The third phase 1 clinical trial will examine how safe and effective the ChAdOx1 Mers vaccine is in adults aged 50 to 70.
Mers-CoV, a camel-linked coronavirus first identified in 2012, is much more deadly to infected people than SARS-CoV-2, but also significantly less transmissible.
Up to a third of all Mers infections are believed to be fatal, compared to a fraction of cases in Covid.
Professor Dame Sarah Gilbert at the University of Oxford’s Pandemic Sciences Institute, and developer of the ChAdOx1 Mers vaccine, told The National a shot against Mers is badly needed.
“Mers is a virus with pandemic potential and is on the World Health Organisation’s priority pathogen list. Investing in a vaccine to control Mers could prevent a global pandemic,” she said.
The majority of all known cases of Mers, which originate in dromedary camels, have been linked to the Middle East region.
Since the disease was first detected a decade ago there have been 2,613 confirmed cases, around 84 per cent of which occurred in Saudi Arabia.
But numbers plummeted since their peak in 2015 when there were 492 laboratory-confirmed cases.
In June the disease was detected in a 28-year-old man in Al Ain in the UAE in the first reported case of the virus in 2023.
From December 29, 2021, to October 31, 2022, four cases were reported to the World Health Organisation by Saudi Arabia's Ministry of Health, with no deaths.
There were 19 cases of Mers in 2021, 17 of them in Saudi Arabia and two in the UAE. Eight of the cases that year were fatal.
The WHO considers Mers as a priority infectious disease that requires urgent vaccine research.
The University of Oxford started developing its vaccine against the virus using the ChAdOx1 platform before the Coronavirus pandemic, which paved the way for the rapid development of the institution’s vaccine against Covid-19.
Prof Gilbert said the trial is “an important step” in the development of a vaccine against the virus.
“Prior to the Covid-19 pandemic, we had already tested our ChAdOx1 Mers vaccine in young adults in the UK and Saudi Arabia.
“Those trials provided information that was critical for the rapid development of the Oxford/AstraZeneca Covid-19 vaccine.
“We are now returning to the task of developing a vaccine against Mers, and for the first time will test it in older adults, which is the age group most in need of protection against this life-threatening virus.”
But she told The National it is difficult to say how long the vaccine will take to develop.

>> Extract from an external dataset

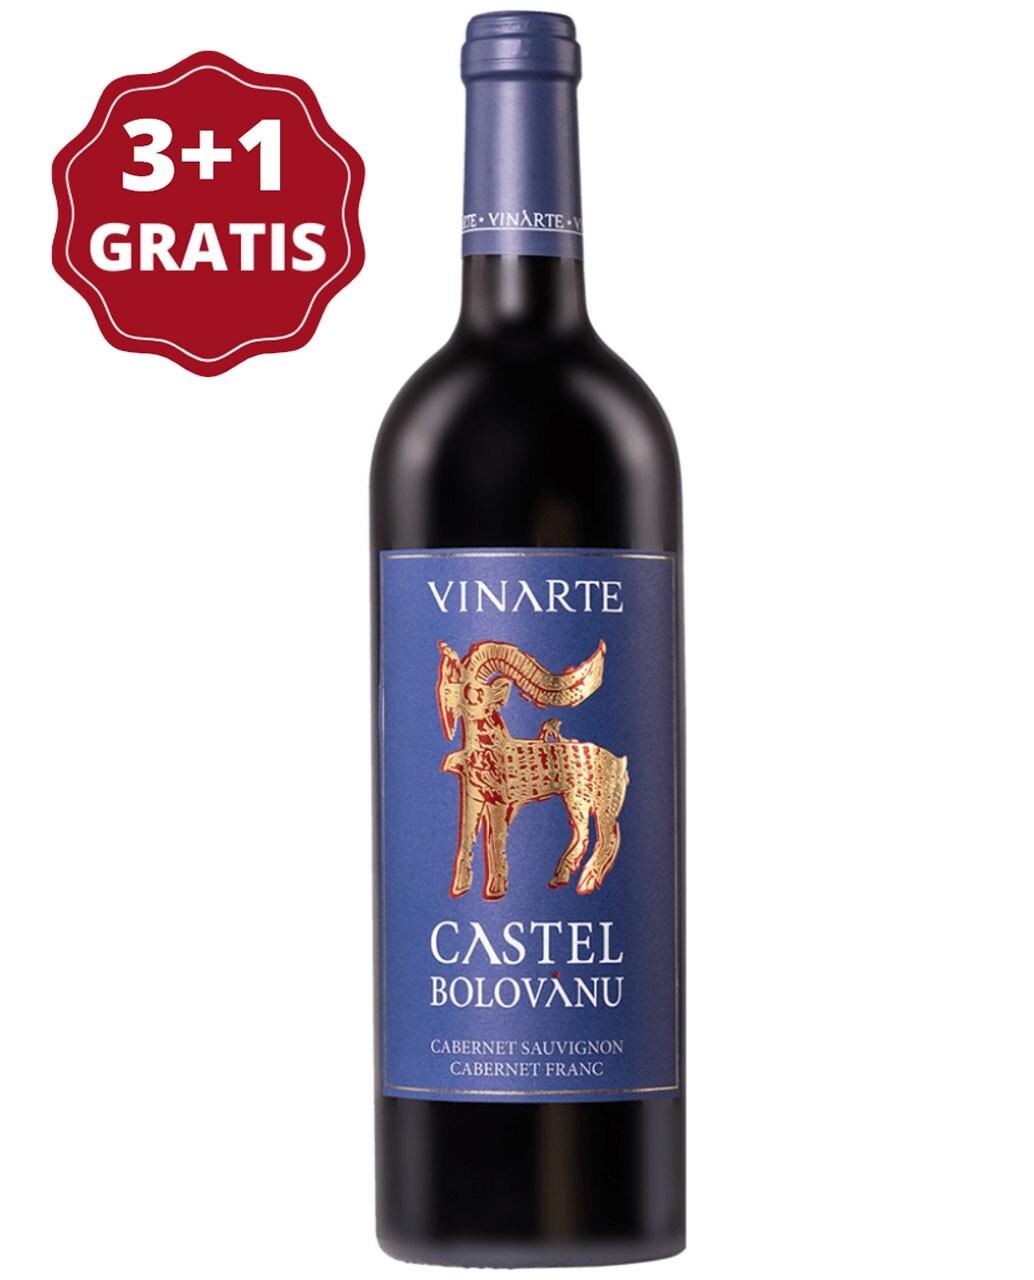 Vinarte Castel Bolovanu Cabernet Sauvignon & Cabernet Franc 3+1

“The development of a new vaccine typically takes several years. Larger clinical trials and other research will be needed to assess whether the vaccine can protect people from illness due to Mers,” she added.

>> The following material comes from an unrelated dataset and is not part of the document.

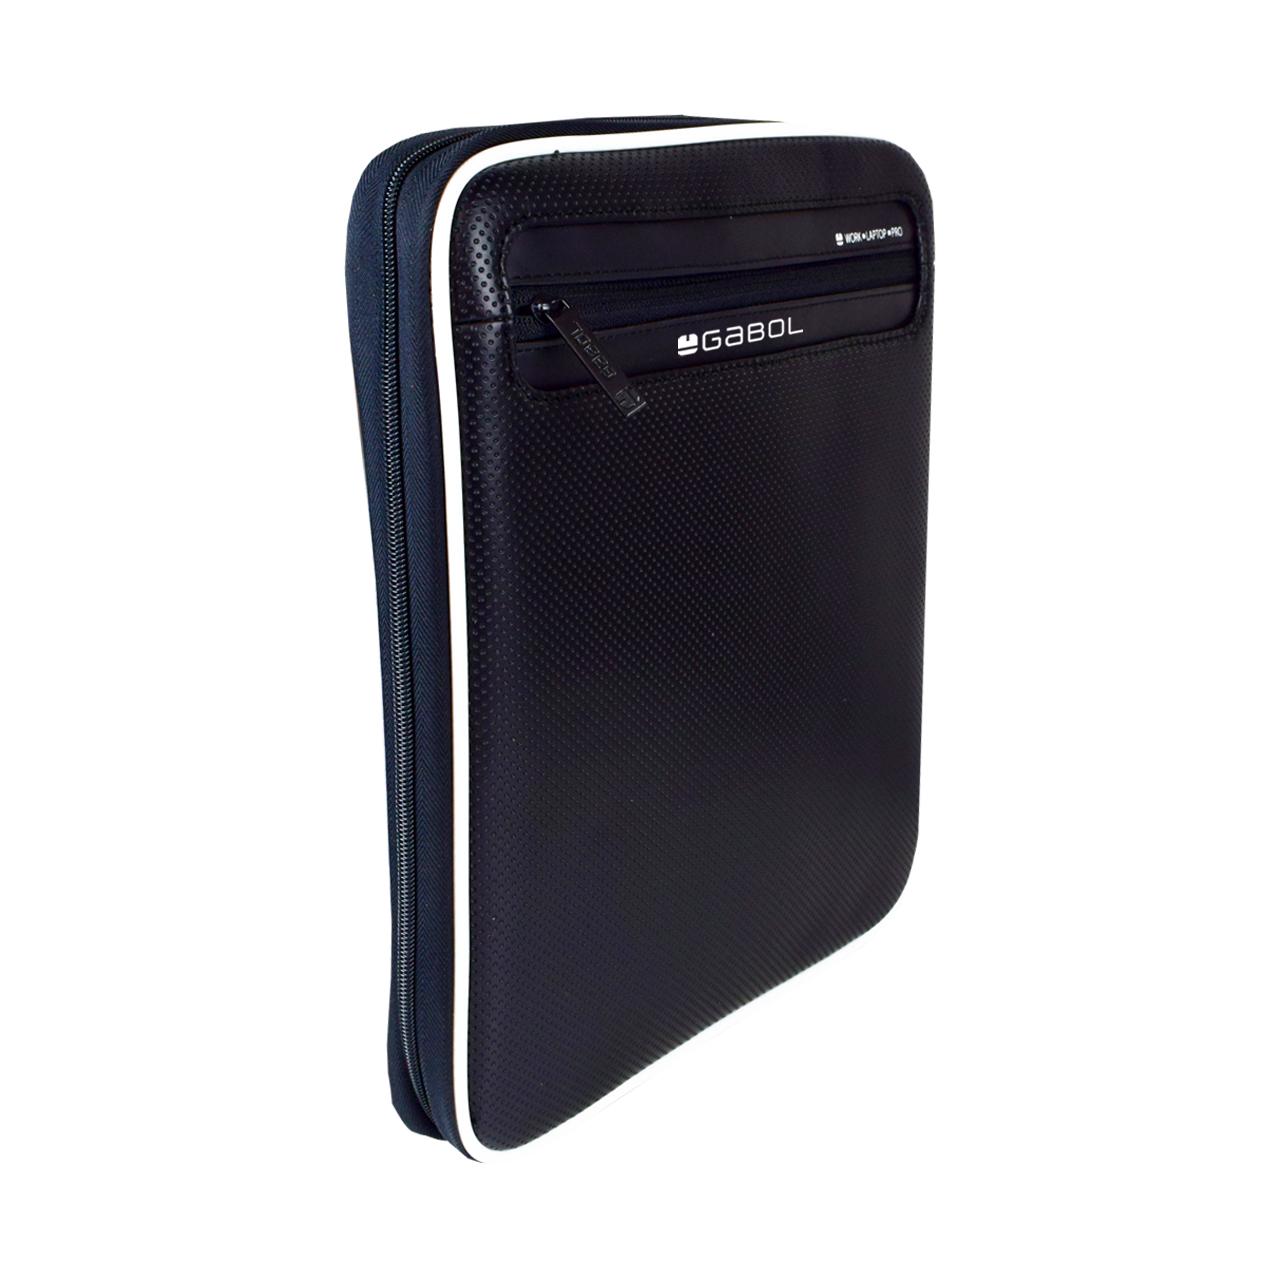 کاور لپ تاپ  گابل مدل Atlas مناسب برای لپ تاپ 13.3 اینچ

In total, 84 people aged 50 to 70 will participate in the trial in Liverpool, which follows two previous Phase I clinical trials in the UK and Saudi Arabia.
The earlier trials found the vaccine generated a strong immune response against Mers after one dose and was well tolerated by healthy volunteers aged 18 to 50.

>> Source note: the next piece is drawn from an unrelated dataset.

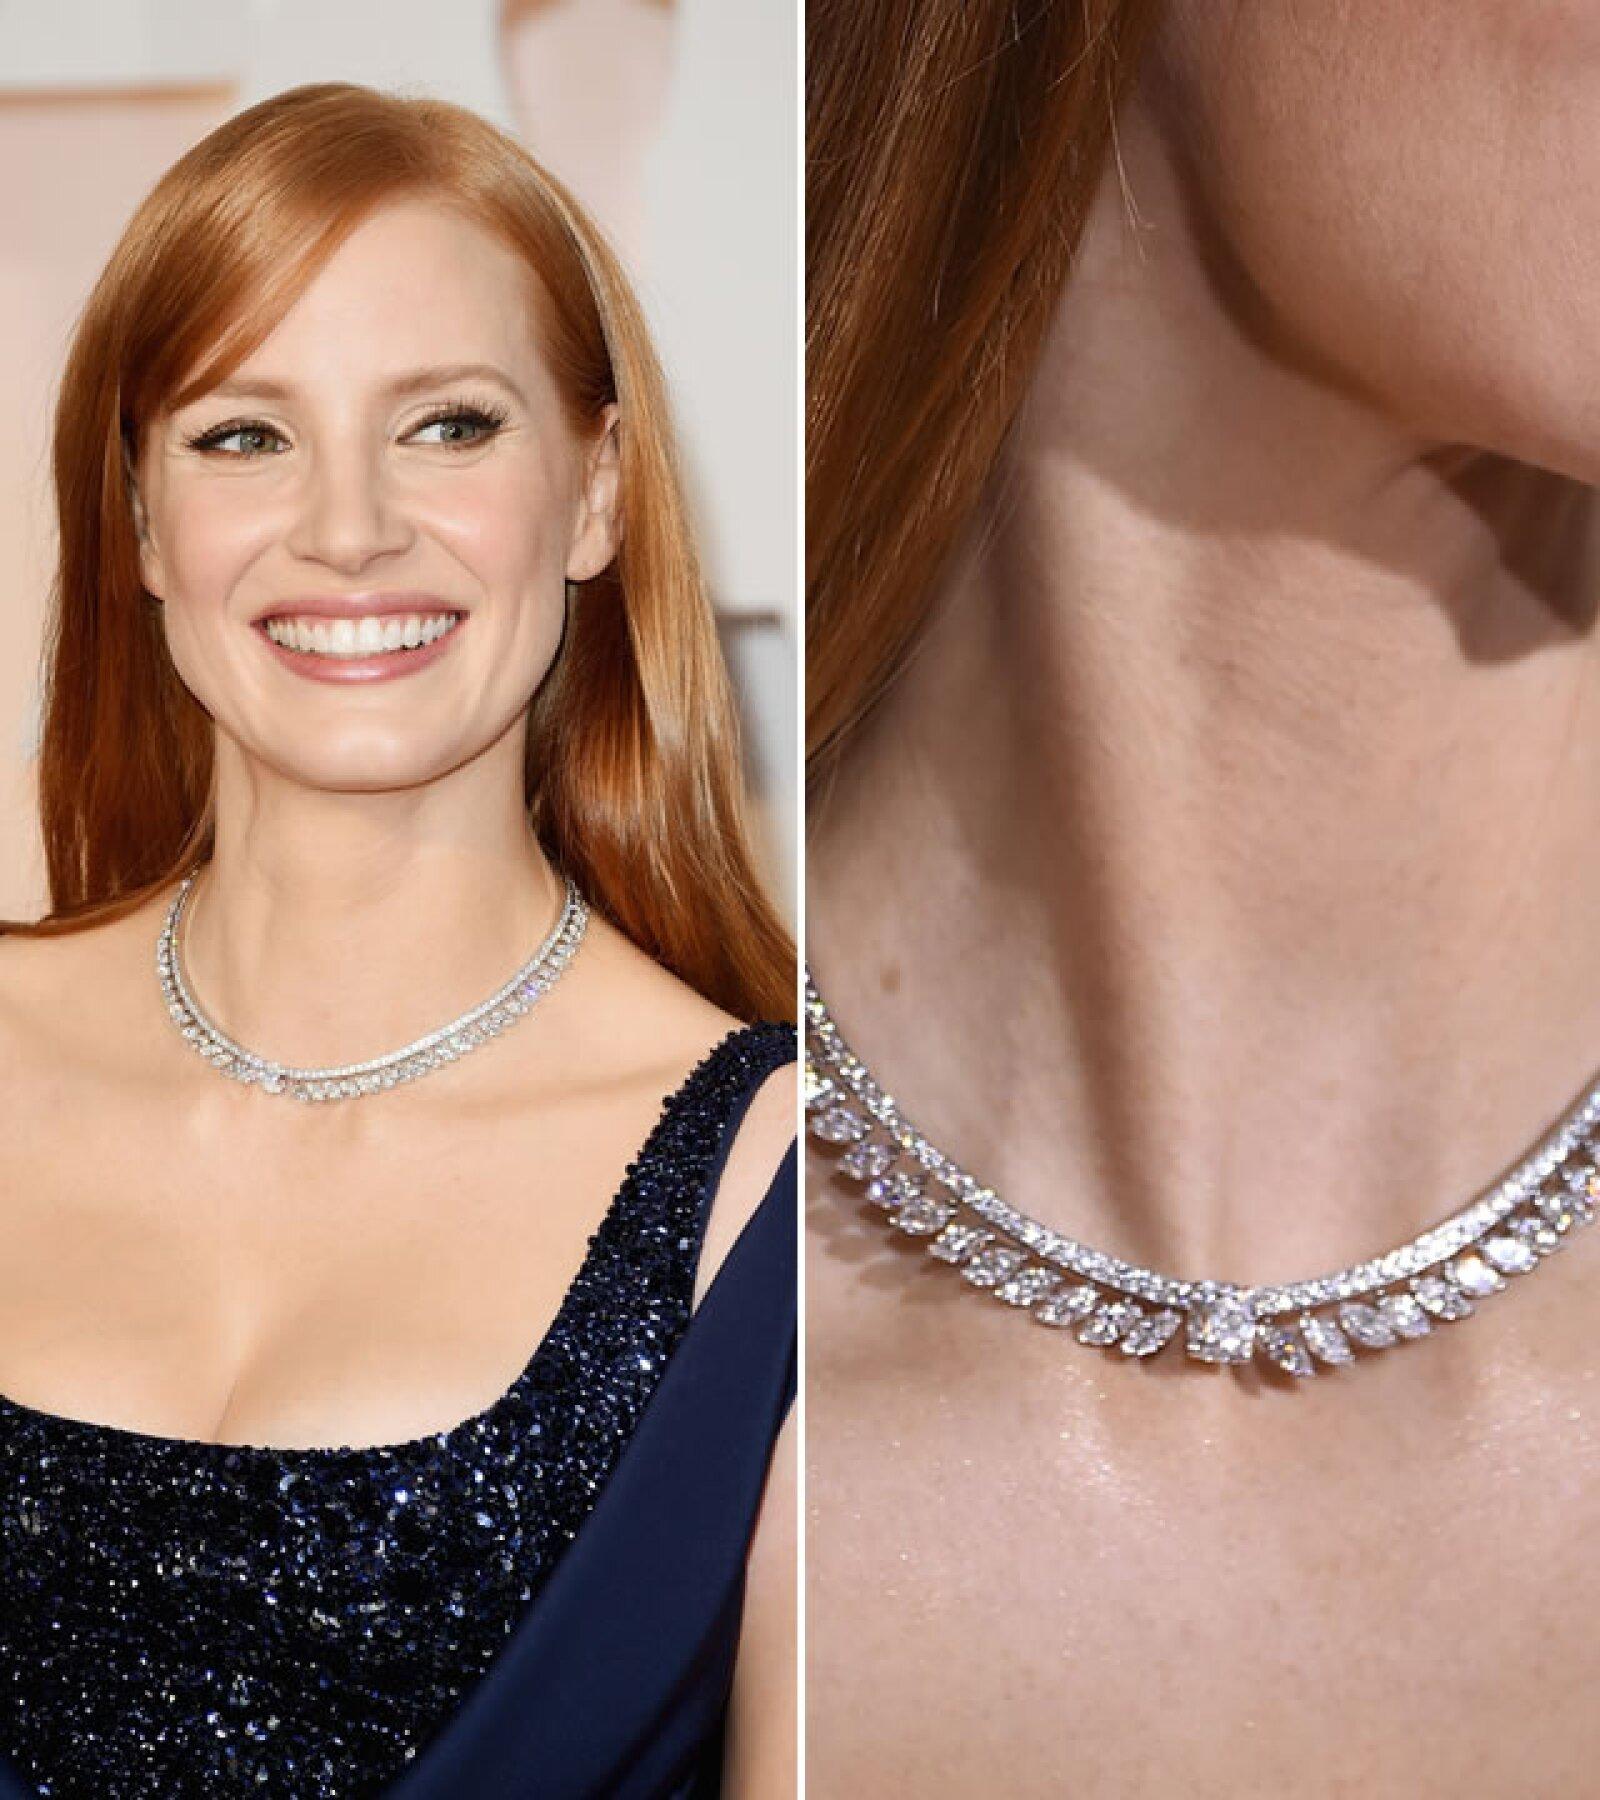 El collar de Jessica Chastain fue un delicado y hermoso diseño de Piaget. Recientemente la actriz se convirtió en la cara de la firma.

This trial will build on earlier results and will examine vaccine safety and immune responses in older people, after one and two doses of the vaccine.
Vaccitech retains commercialisation rights to ChAdOx1 Mers and is collaborating with the University of Oxford and CEPI to develop the vaccine, which uses the same ChAdOx1 platform as the Oxford/AstraZeneca Covid vaccine.
“The world continues to bear witness to the grave danger and devastation that coronavirus threats can bring through the Covid-19 pandemic – and its deadlier viral cousin Mers remains of regional and global concern as highlighted by recent cases in Abu Dhabi and Saudi Arabia,” said Dr Melanie Saville, executive director of vaccine research and development at CEPI, the funder of the trial.
“This latest Phase I trial of Oxford’s Mers vaccine, developed on the ChAdOx1 platform – one of only a few clinically validated rapid-response platforms globally – is of particular importance as the findings will provide critical guidance on how we can better protect vulnerable communities from the health and socioeconomic impact of this deadly pathogen.”